2. Description of the Related Technology
Ever increasing market pressure for smaller, faster, and more sophisticated electronic products using integrated circuits has driven the electronics industry to develop integrated circuits which occupy less volume yet operate at heretofore unheard of clock frequencies employing incredible circuit densities. For example, two current production integrated circuits which serve as microprocessors are manufactured by the Intel Corporation called the PENTIUM (PENTIUM is the registered trademark of the Intel Corporation) and the PENTIUM II (PENTIUM II is the registered trademark of the Intel Corporation). The PENTIUM has over 3 million circuits in a single semiconductor die using 0.6 to 0.35 micron technology, operates at speeds ranging up to 266 MHz. The PENTIUM II has over 10 million circuits in a single semiconductor die and operates at speeds ranging up to 400 MHz, and is projected to soon exceed 500 MHz.
Because of the fragility of integrated circuit dice, and their susceptibility to environmental influences and mechanical trauma, individual or multiple integrated circuit dice have traditionally been enclosed in a protective "package" such as Pin Grid Array ("PGA") or Ball Grid Array ("BGA"). These packages may be made of plastic or ceramic materials, and provide electrical leads so that the enclosed die (or dice) may be electrically connected to a substrate, such as a printed circuit board ("PCB").
As the electronic products which utilize these increasingly powerful integrated circuits continue to shrink in size, such as laptop computers and other consumer, commercial, and military electronics, the space available for mounting the packaged integrated circuit die (or dice) is also reduced. Unfortunately, as integrated circuits grow in complexity and circuit density, the number of package leads needed to connect the packaged die (or dice) to the substrate also increases, thereby requiring more, not less, area to provide reliable electrical interconnections between the surface mount package to the substrate. Further, as the number of package leads increases, so does the capacitance, inductance and resistance of the package leads, which can degrade signal fidelity to and from the die (or dice).
In an effort to eliminate the above problems associated with modern packaging, some integrated circuit manufacturers have eliminated packages, and placed the unpackaged integrated circuit die (or dice) directly on the substrate. This practice of connecting unpackaged die (or dice) directly on a substrate is generically referred to as "chip-on-board" packaging.

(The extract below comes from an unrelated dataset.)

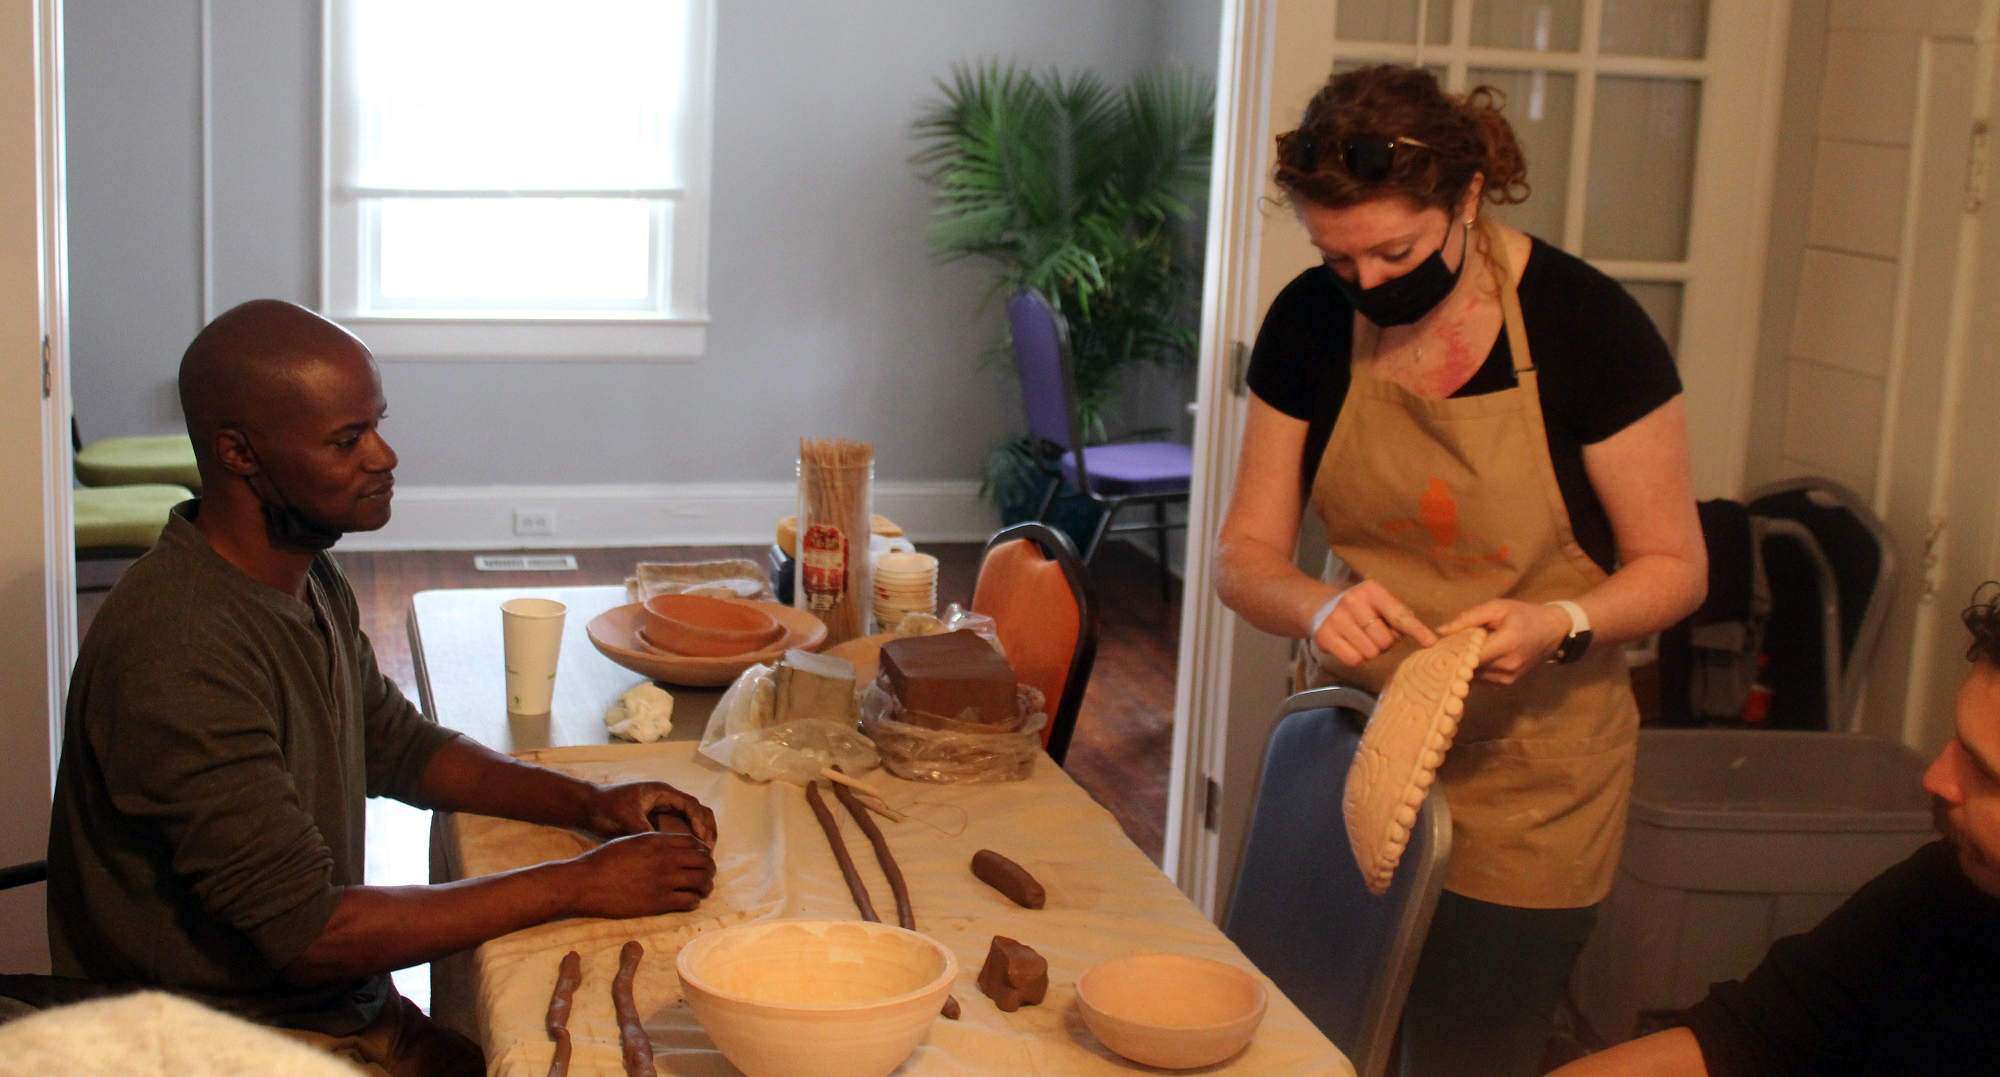 A Clayworks experience at Promise Resource Network supported by an ASC Cultural Vision Grant.
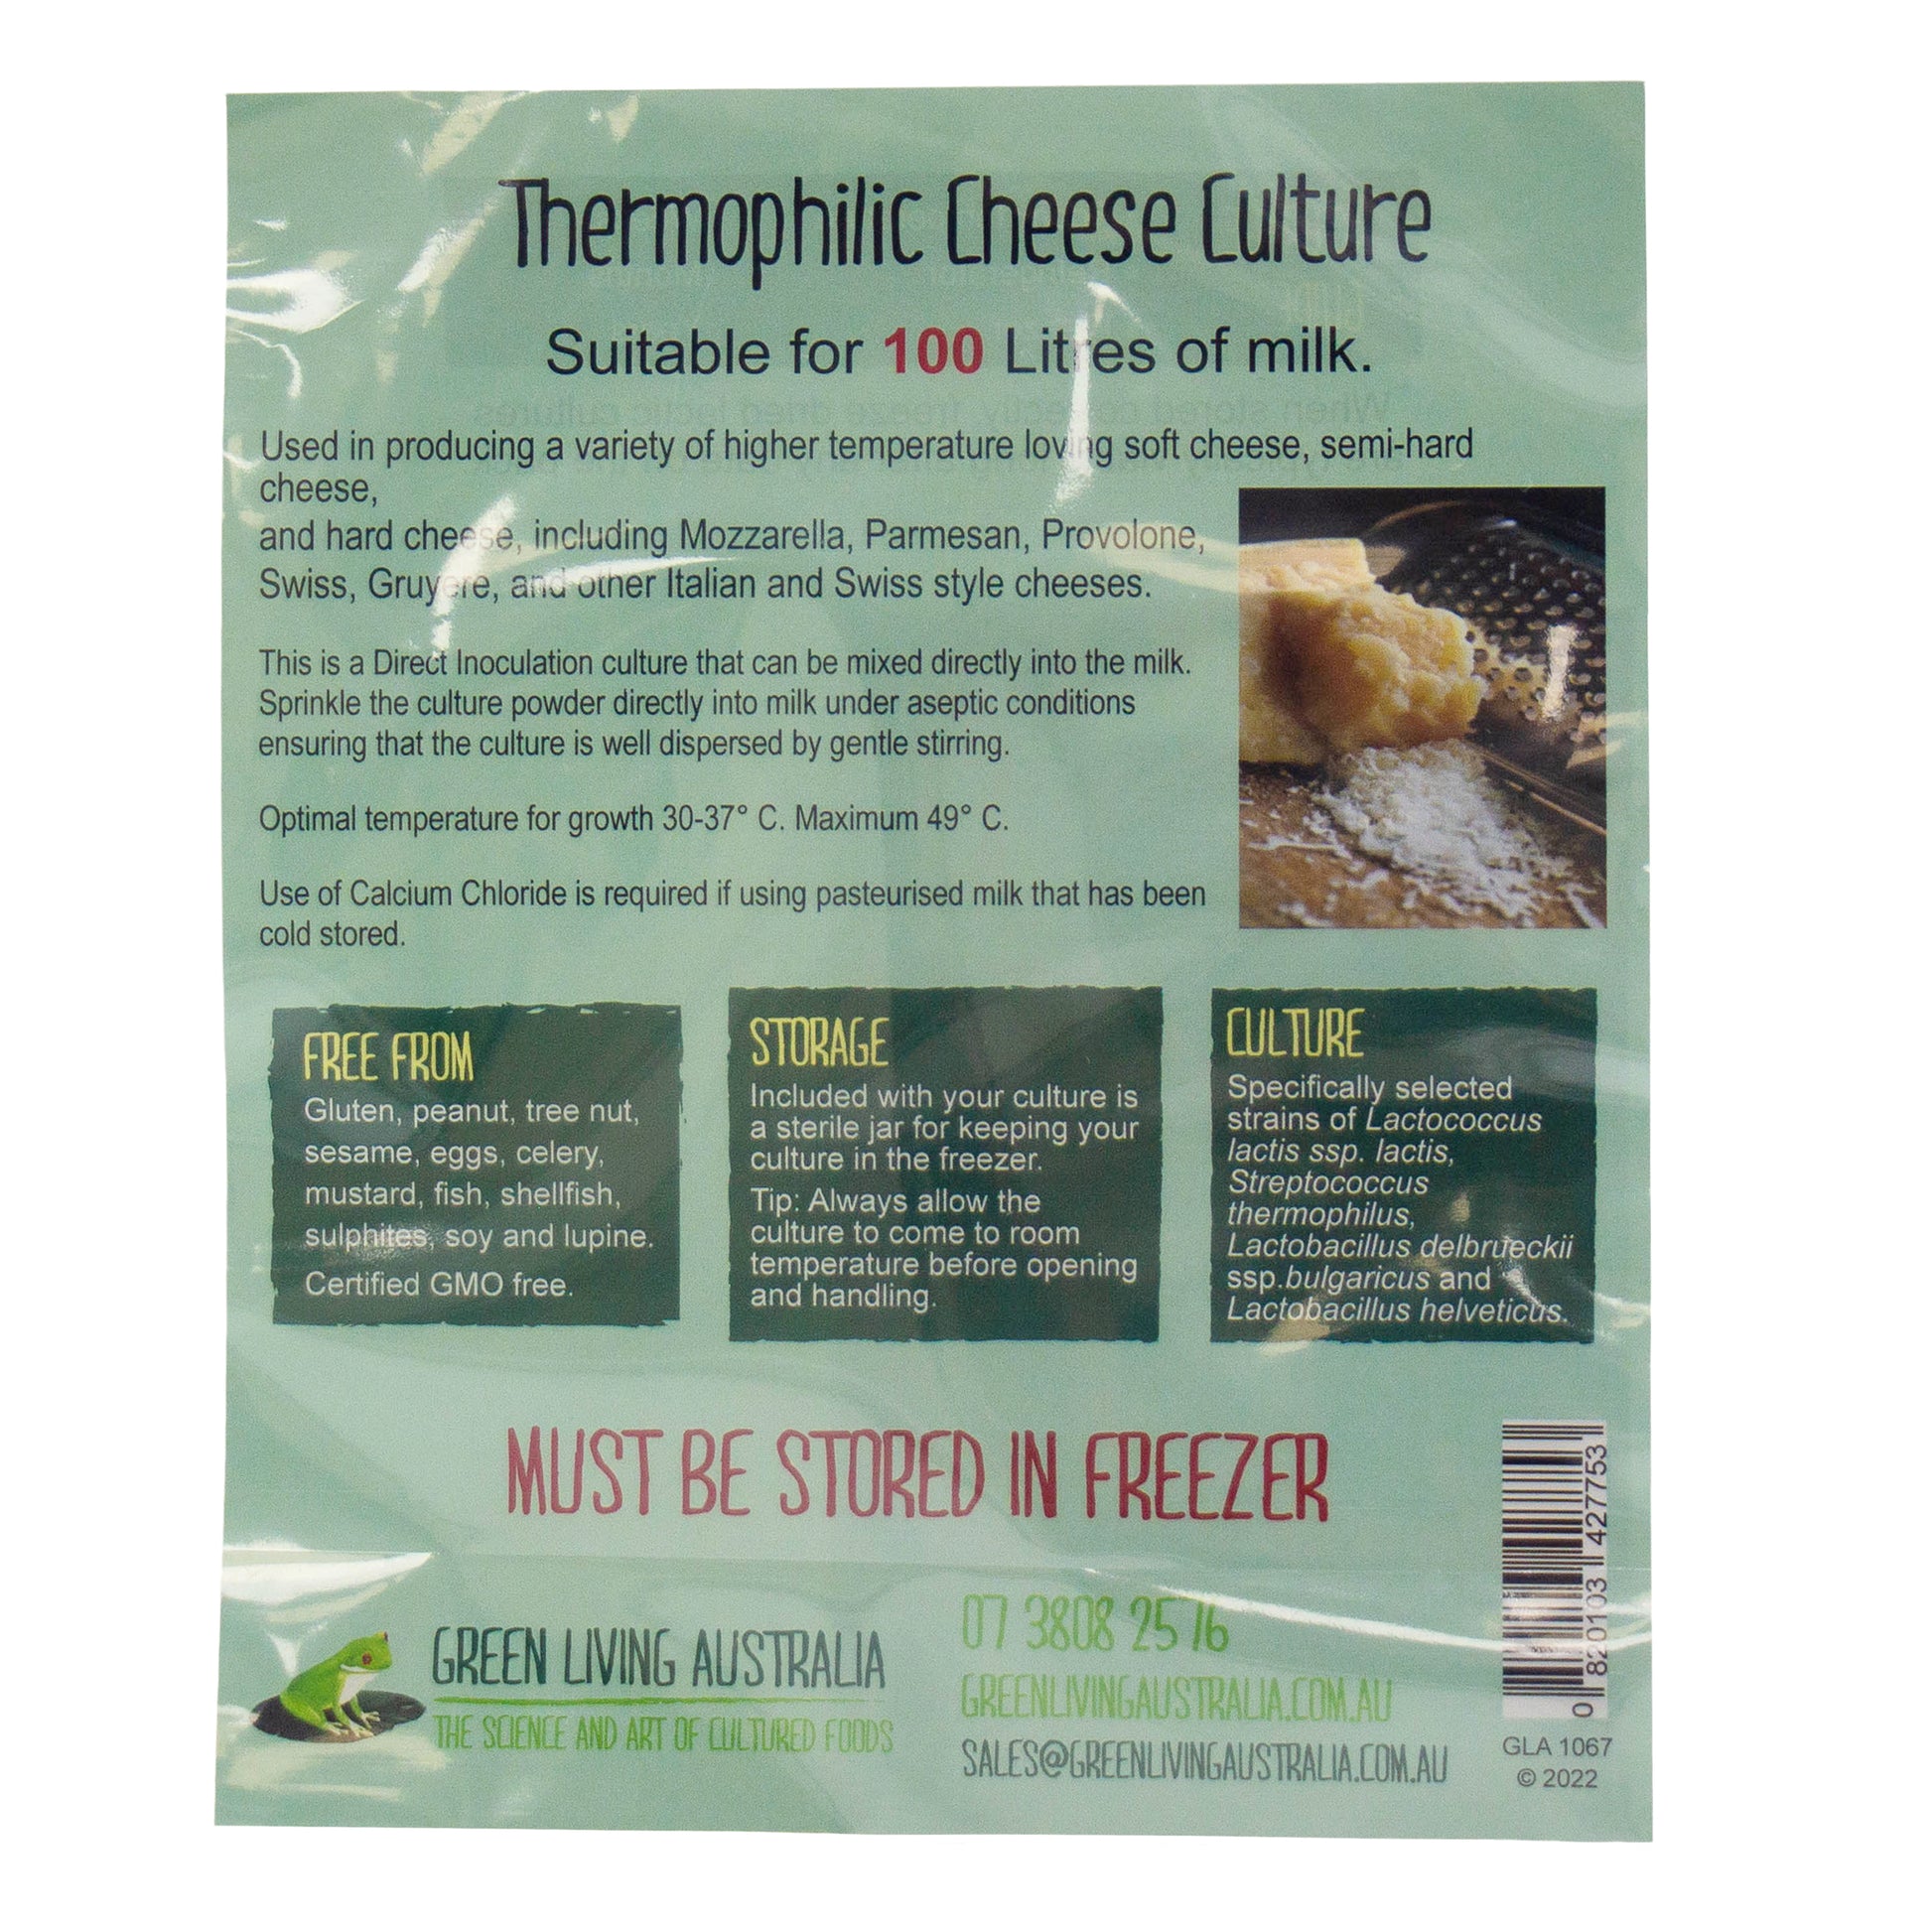 Thermophilic cheese culture used to make higher temperature cheeses like Italian and Swiss cheeses. This packet is suitable for up to 100 litres of milk.

An example of chip-on-board technology which is currently being manufactured and sold is the Intel Corporation's TCP PENTIUM.RTM.. The TCP PENTIUM ("TCP" stands for Tape Carrier Packaging) is a version of the PENTIUM in which the microprocessor integrated circuit die is an unpackaged die mounted face up on a PCB substrate and electrically connected to the PCB substrate using tape automated bonding technology. The PCB substrate also has numerous other integrated circuit packages directly connected to the substrate. When multiple dice are mounted on the same substrate, whether some or all are packaged or unpackaged, the combination is usually referred to as a multi chip module ("MCM").
Chip-on-board die leads may be electrically connected to the substrate face down using solder ball bonding (also known as "flip-chip") or in either a face down or face up arrangement using tape automated bonding ("TAB"). The exposed face of the die (i.e. the face opposite the face directly connected to the substrate) may be covered with a mechanically protective encapsulent.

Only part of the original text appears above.